◆ Task prompt:
Retype, exactly and completely, the listing that comes next, skipping its images.
Data block below:
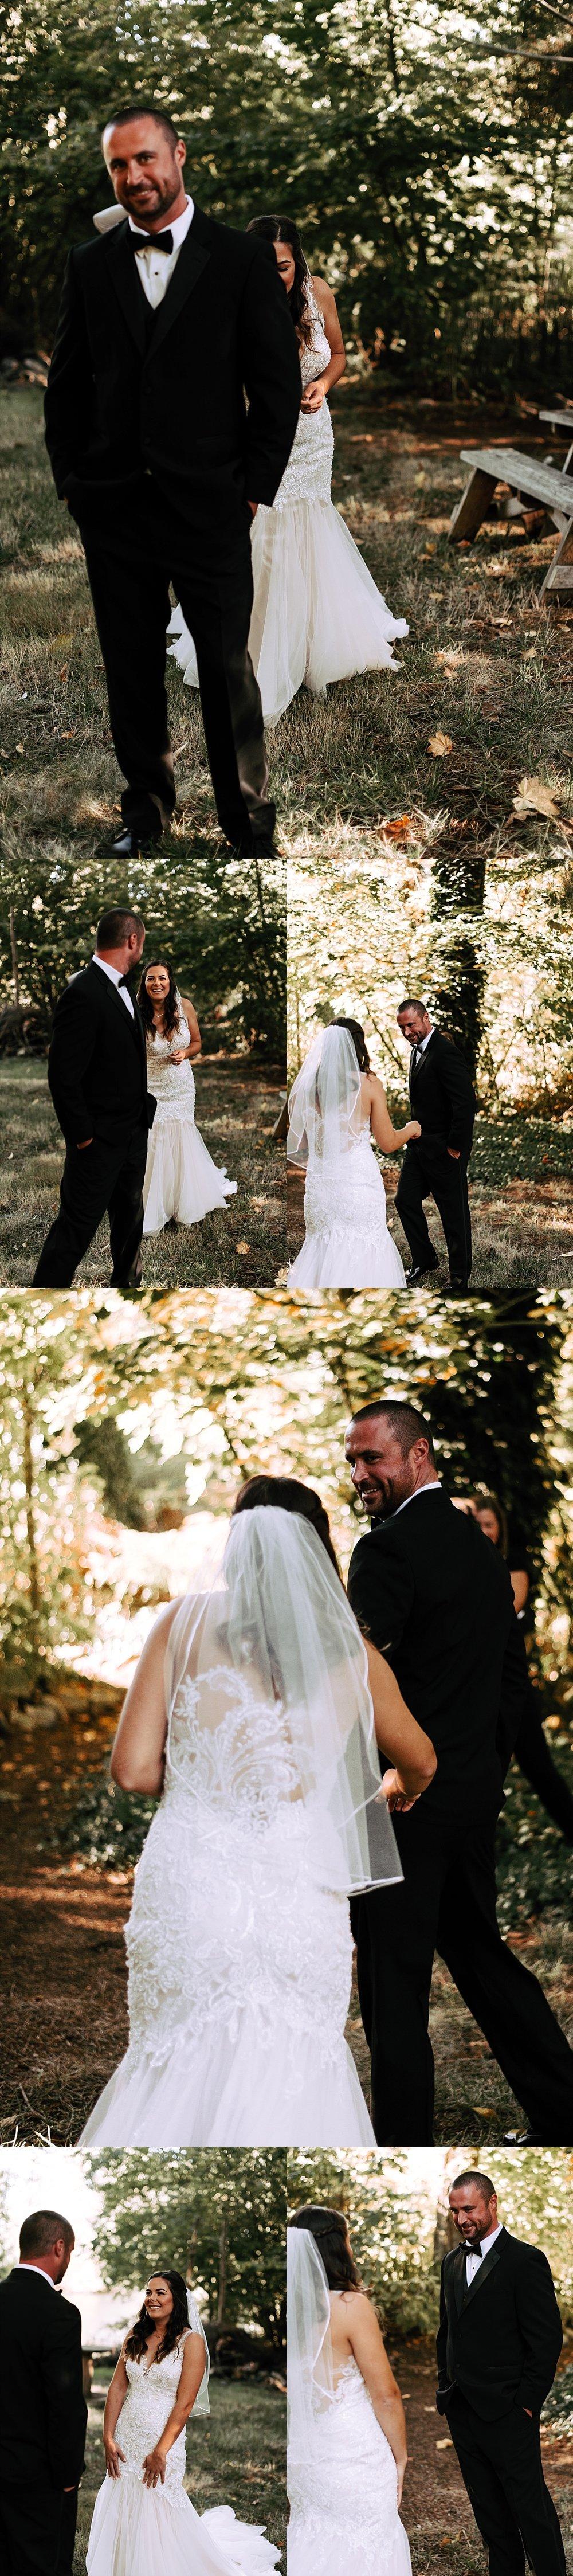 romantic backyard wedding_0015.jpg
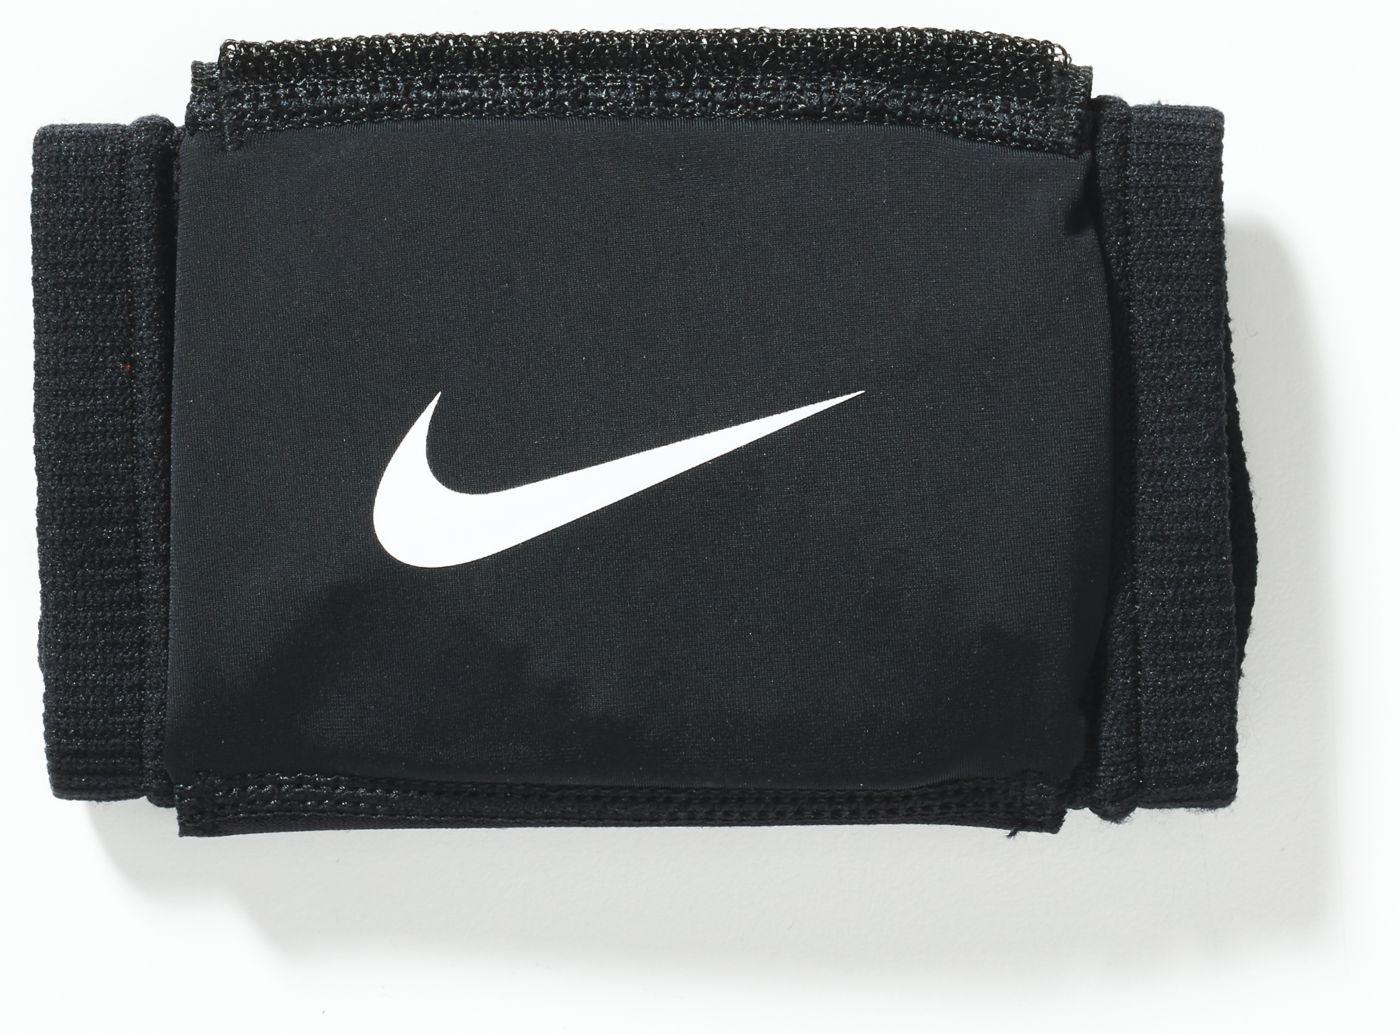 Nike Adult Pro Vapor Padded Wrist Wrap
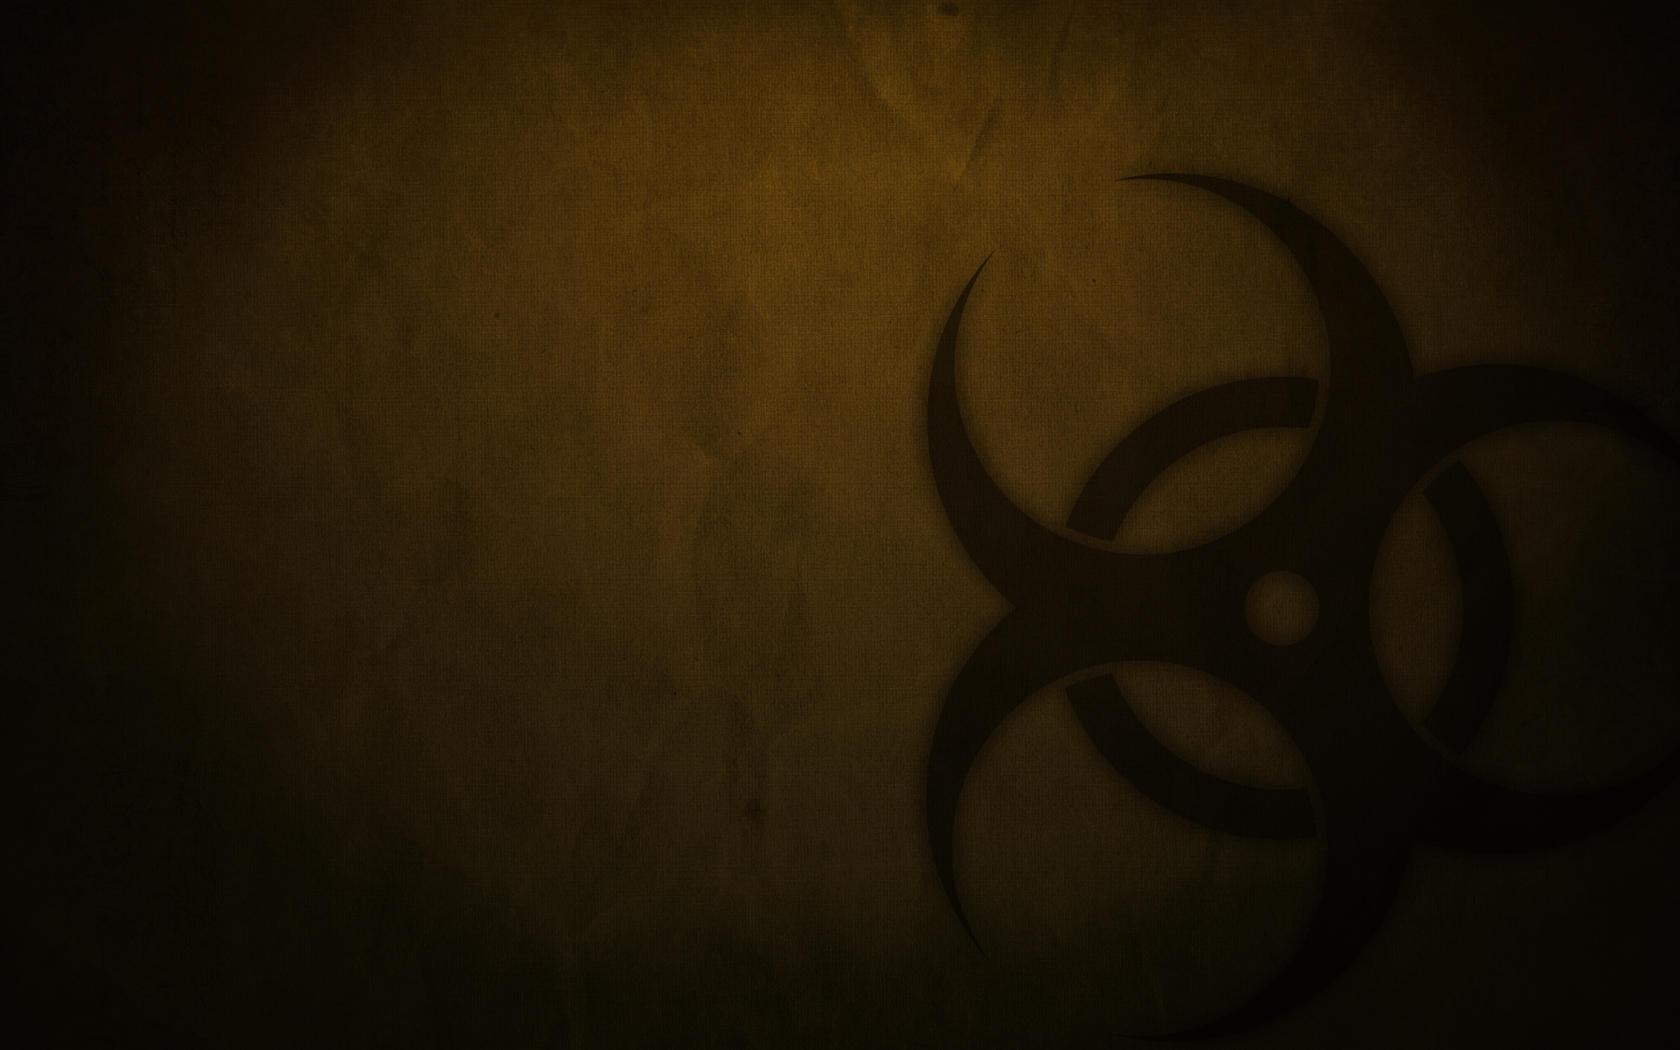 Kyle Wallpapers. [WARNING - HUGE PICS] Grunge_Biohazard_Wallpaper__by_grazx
End of Data block.
◆ Response:
 romantic backyard wedding_0015.jpg
 Nike Adult Pro Vapor Padded Wrist Wrap
 Kyle Wallpapers. [WARNING - HUGE PICS] Grunge_Biohazard_Wallpaper__by_grazx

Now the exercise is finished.